= SOURCE MATERIAL =
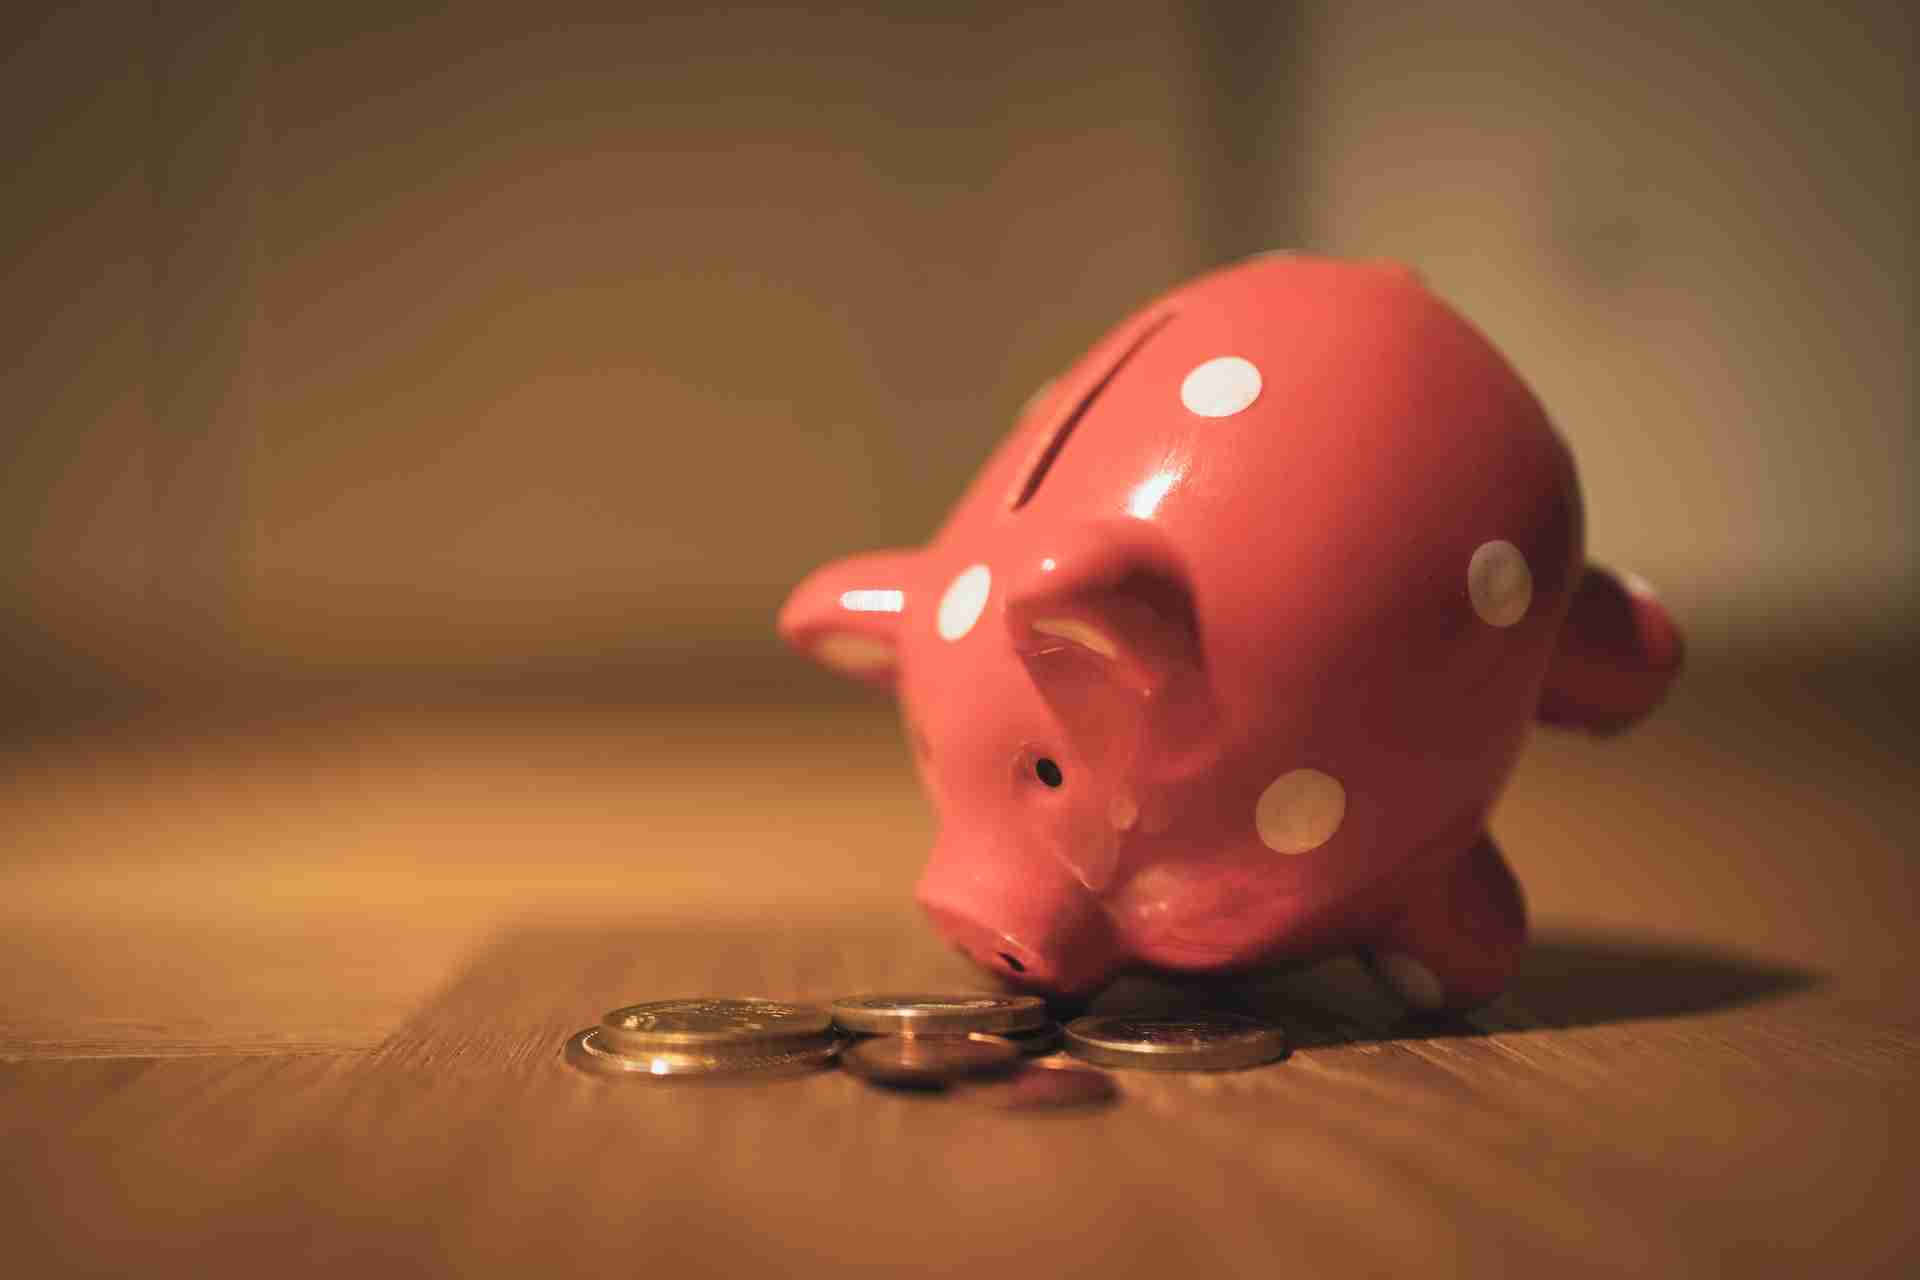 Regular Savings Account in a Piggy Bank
==
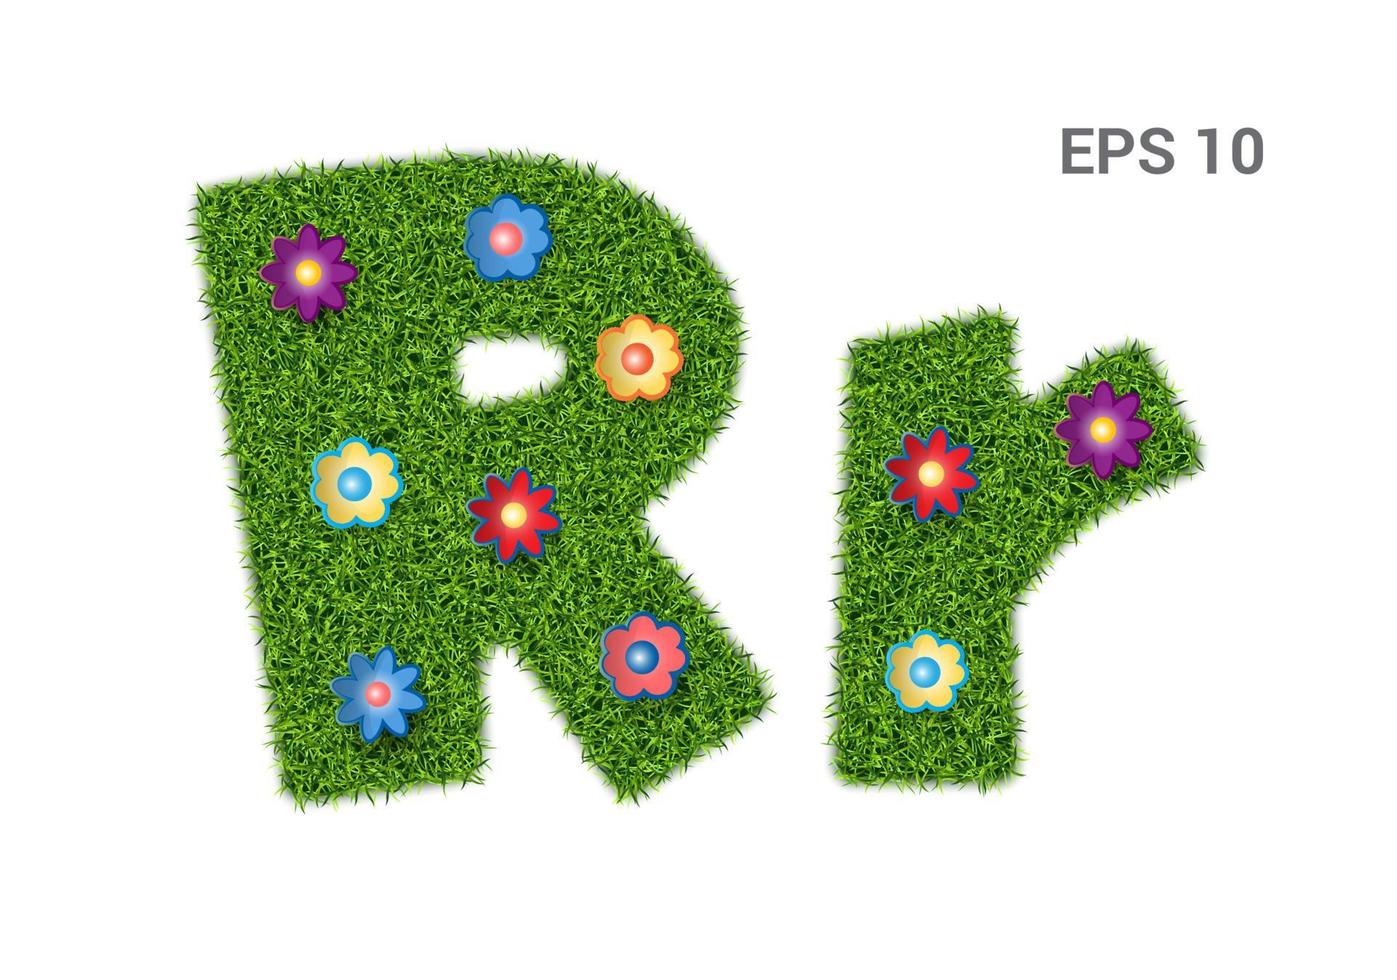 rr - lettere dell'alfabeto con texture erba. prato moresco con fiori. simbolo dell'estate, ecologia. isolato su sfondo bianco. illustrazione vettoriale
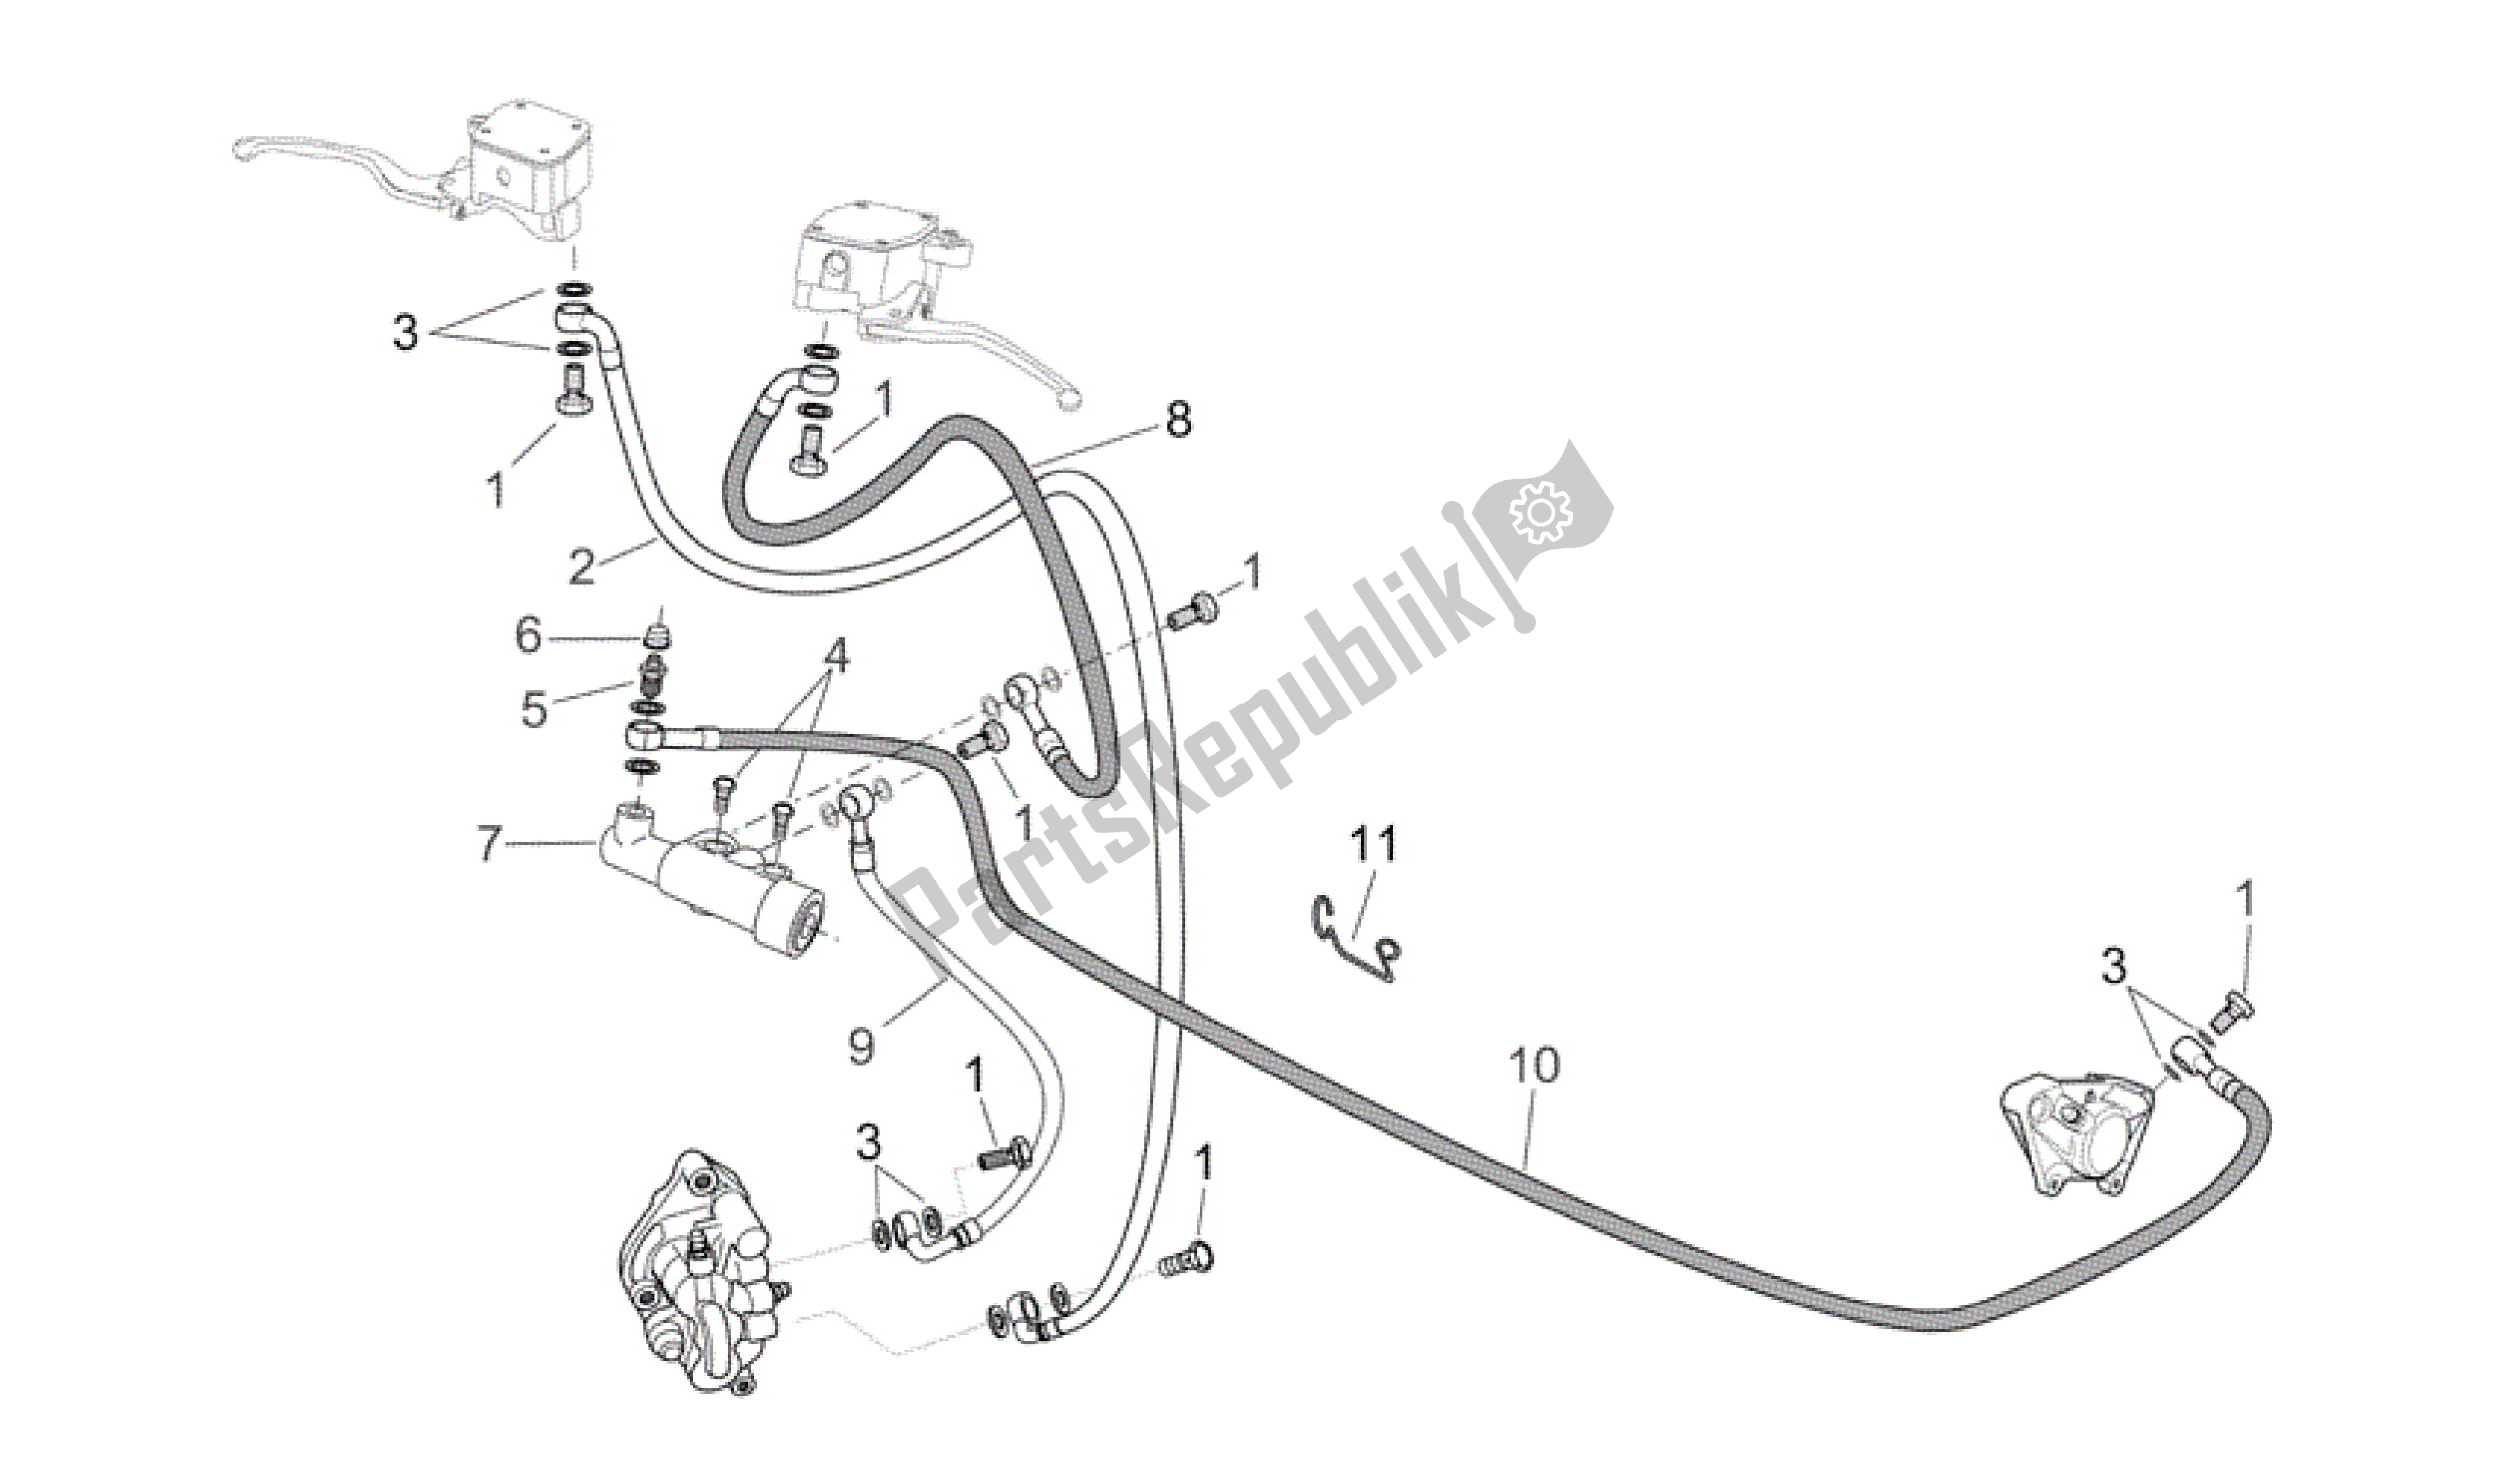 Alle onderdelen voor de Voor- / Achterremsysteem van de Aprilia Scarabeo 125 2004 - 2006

= EXERCISE OBJECTIVE =
Within the listing above, the stretch from the line with "rr - lettere" down to the line with "Alle onderdelen voor" is to be given again exactly, end lines included and pictures excluded.

= SOLUTION TO THIS TASK =
 rr - lettere dell'alfabeto con texture erba. prato moresco con fiori. simbolo dell'estate, ecologia. isolato su sfondo bianco. illustrazione vettoriale
 Alle onderdelen voor de Voor- / Achterremsysteem van de Aprilia Scarabeo 125 2004 - 2006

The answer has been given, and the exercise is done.